**Instructions for the task:** The pictures must be left out, while the rest of the data is copied exactly.

**Data excerpt:**
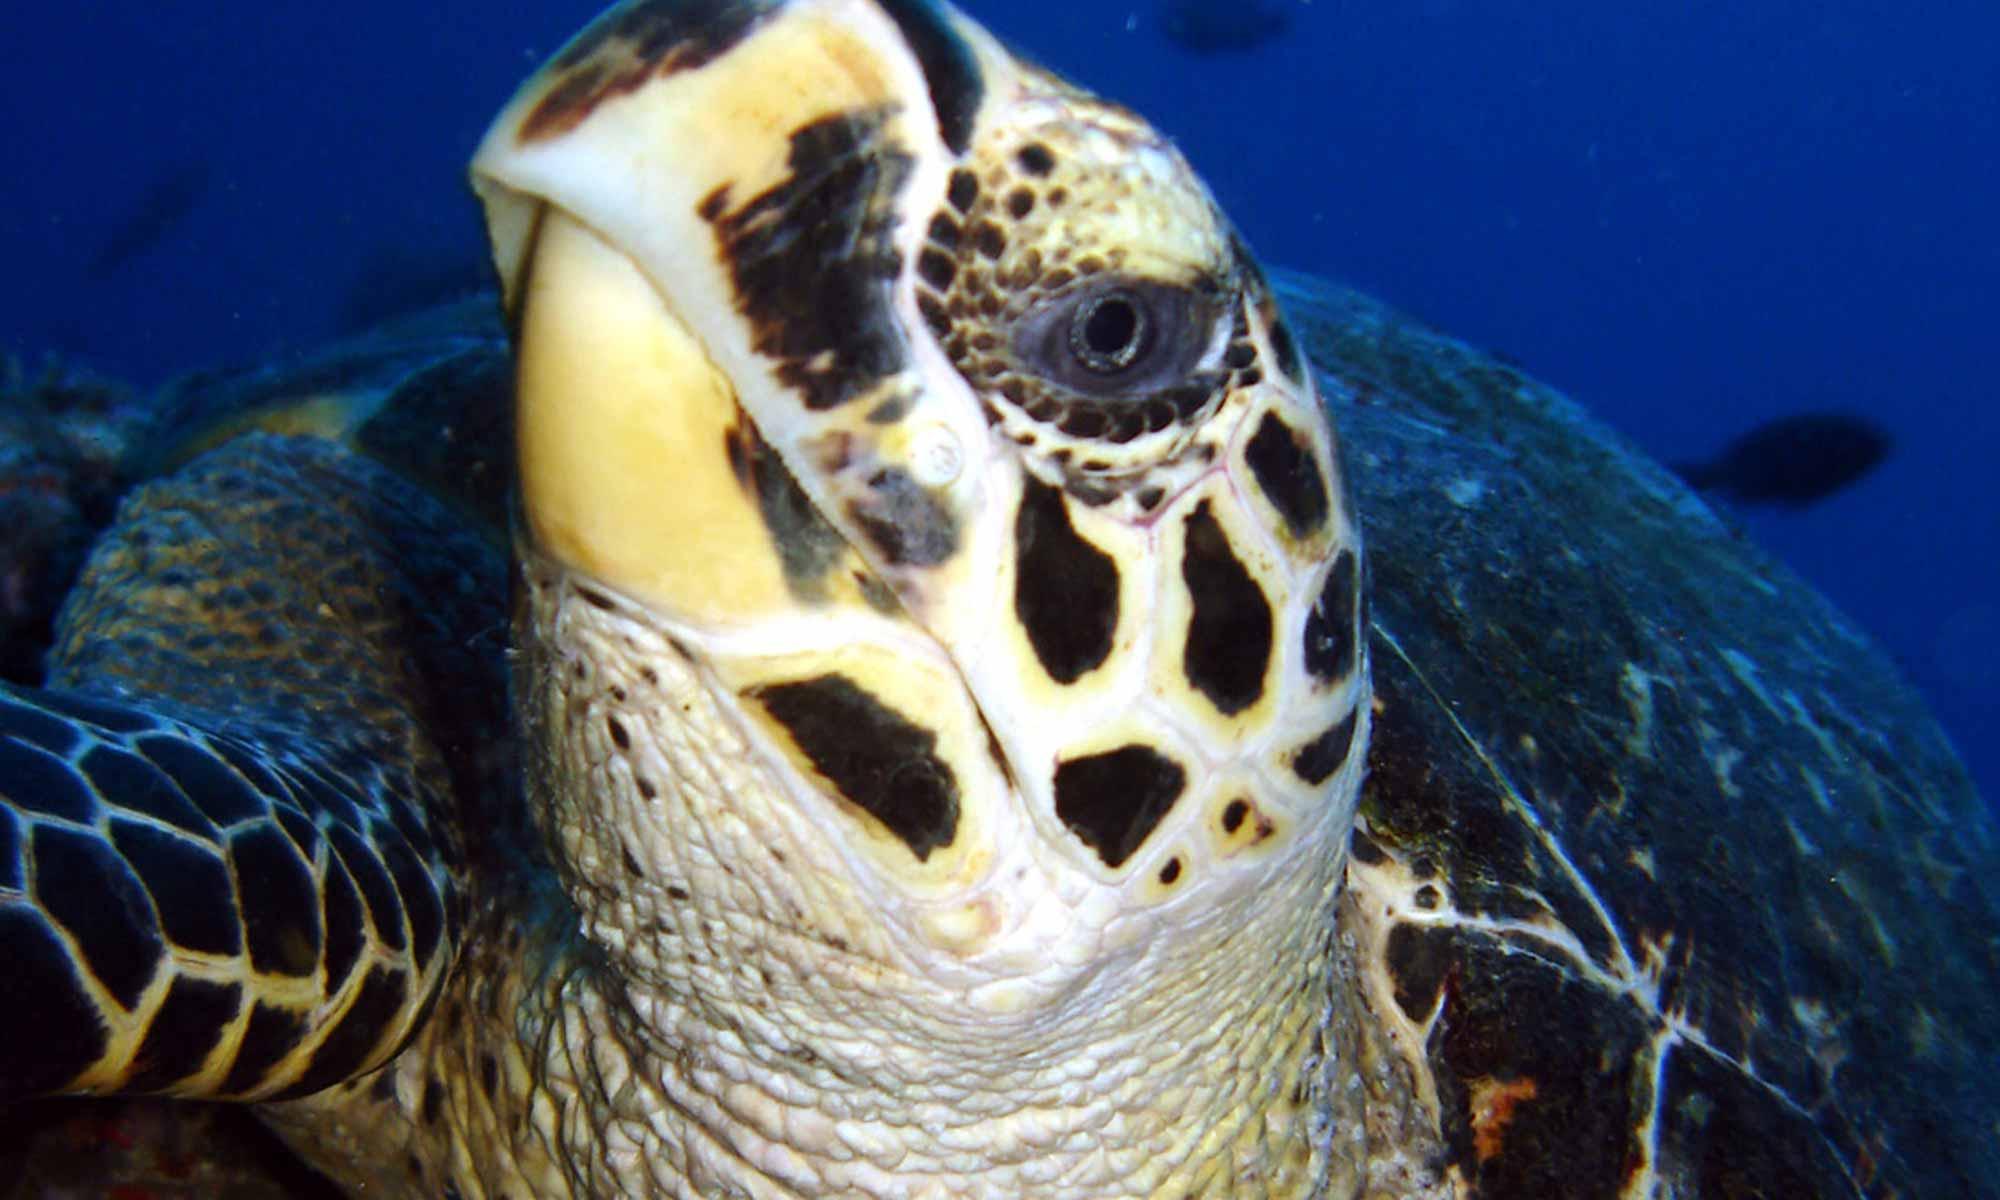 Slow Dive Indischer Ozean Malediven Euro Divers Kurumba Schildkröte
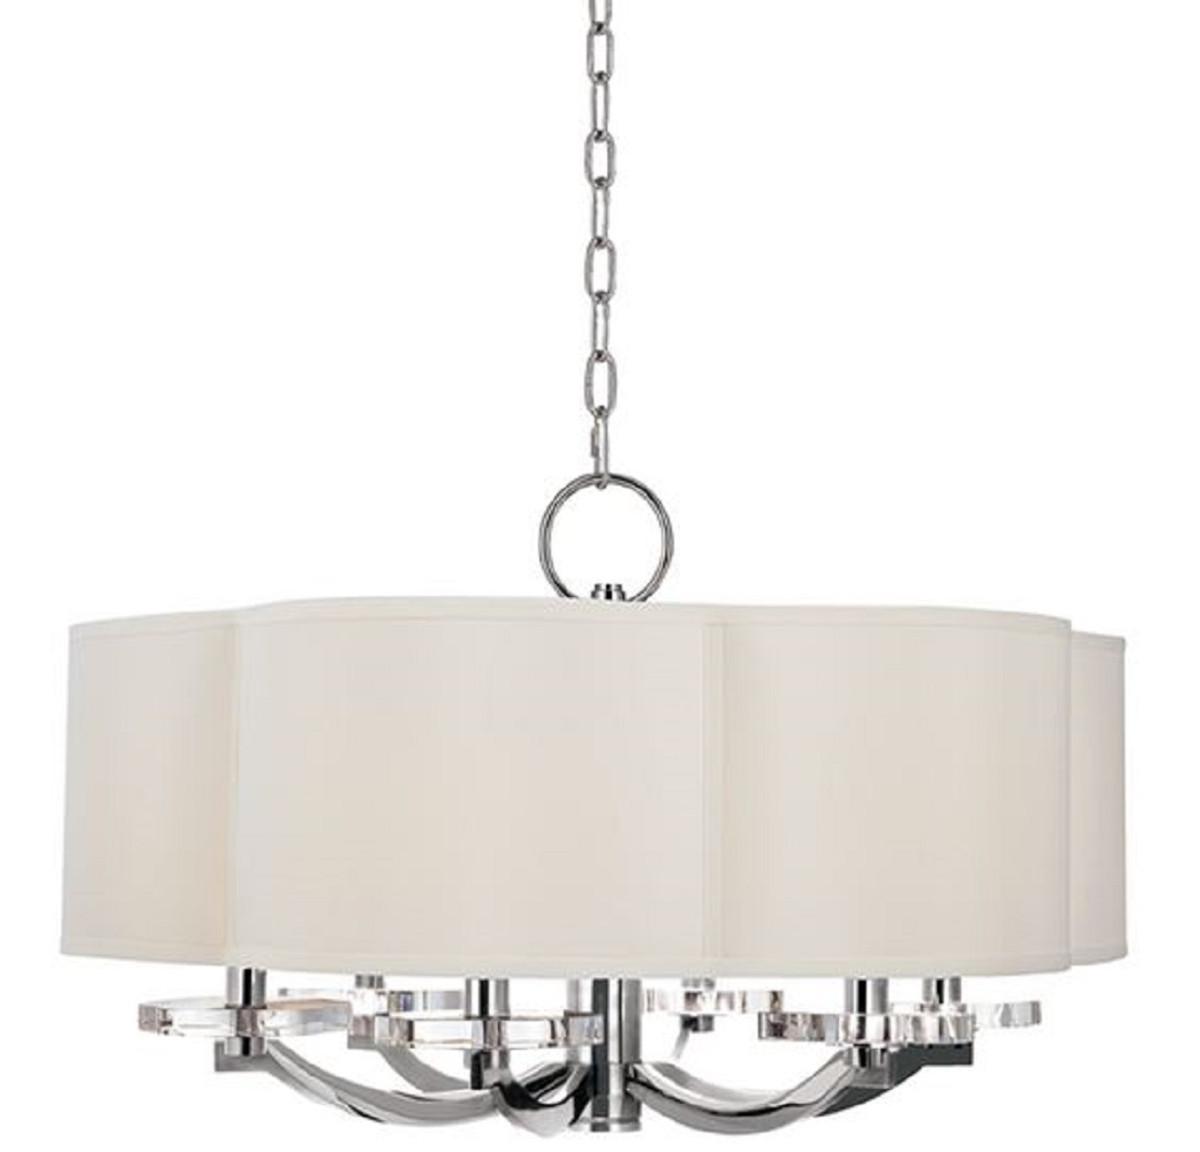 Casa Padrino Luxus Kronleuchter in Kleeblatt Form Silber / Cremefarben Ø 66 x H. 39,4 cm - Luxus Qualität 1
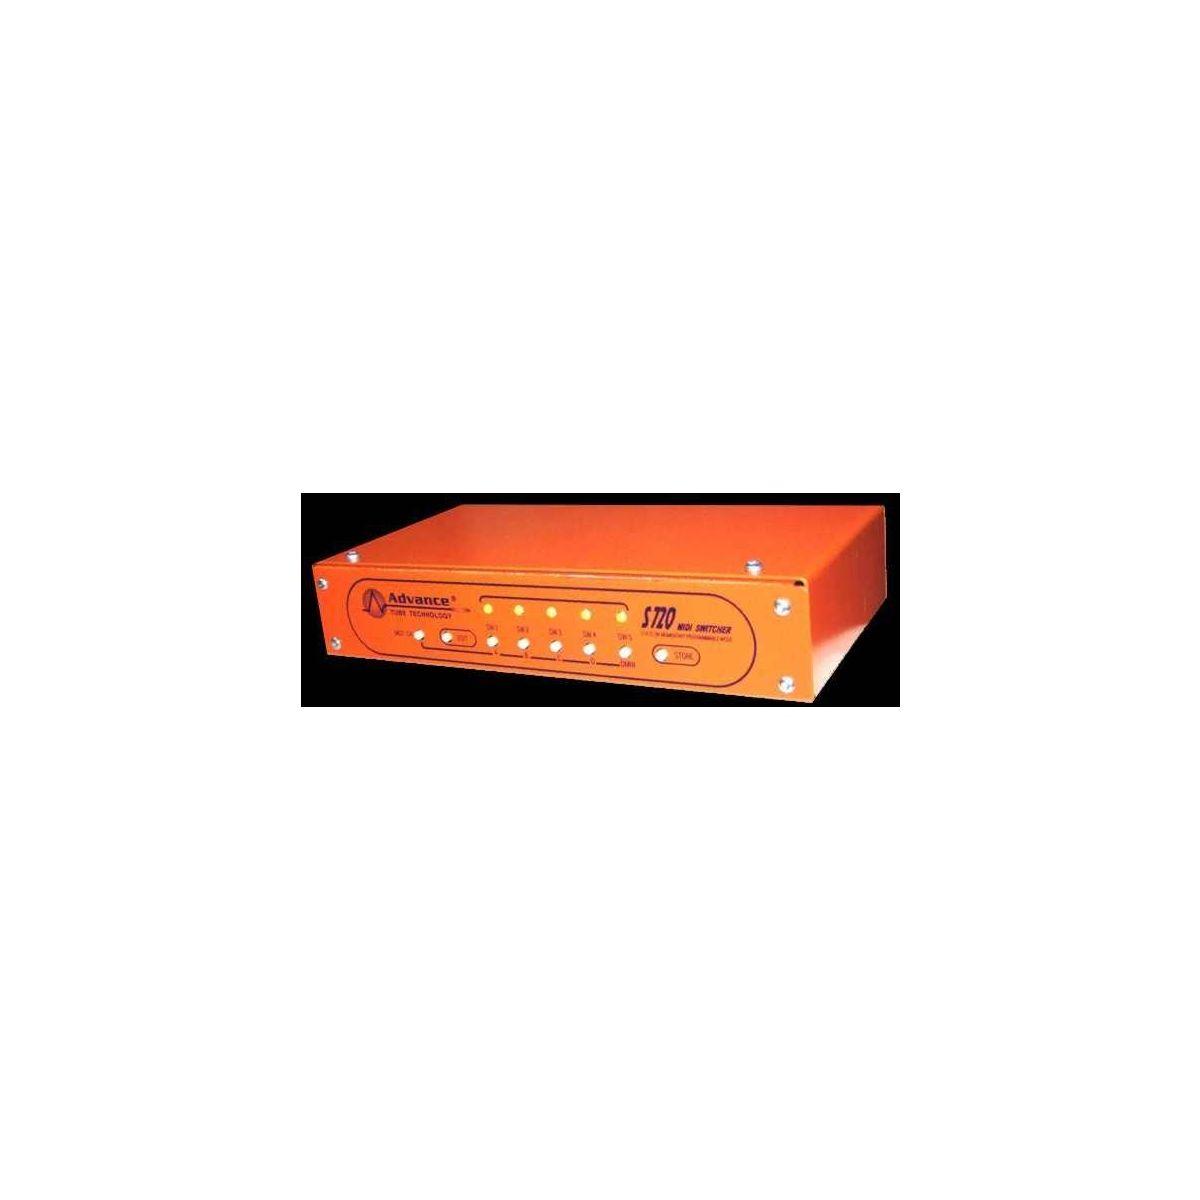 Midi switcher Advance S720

**Exercise response:**
 Slow Dive Indischer Ozean Malediven Euro Divers Kurumba Schildkröte
 Casa Padrino Luxus Kronleuchter in Kleeblatt Form Silber / Cremefarben Ø 66 x H. 39,4 cm - Luxus Qualität 1
 Midi switcher Advance S720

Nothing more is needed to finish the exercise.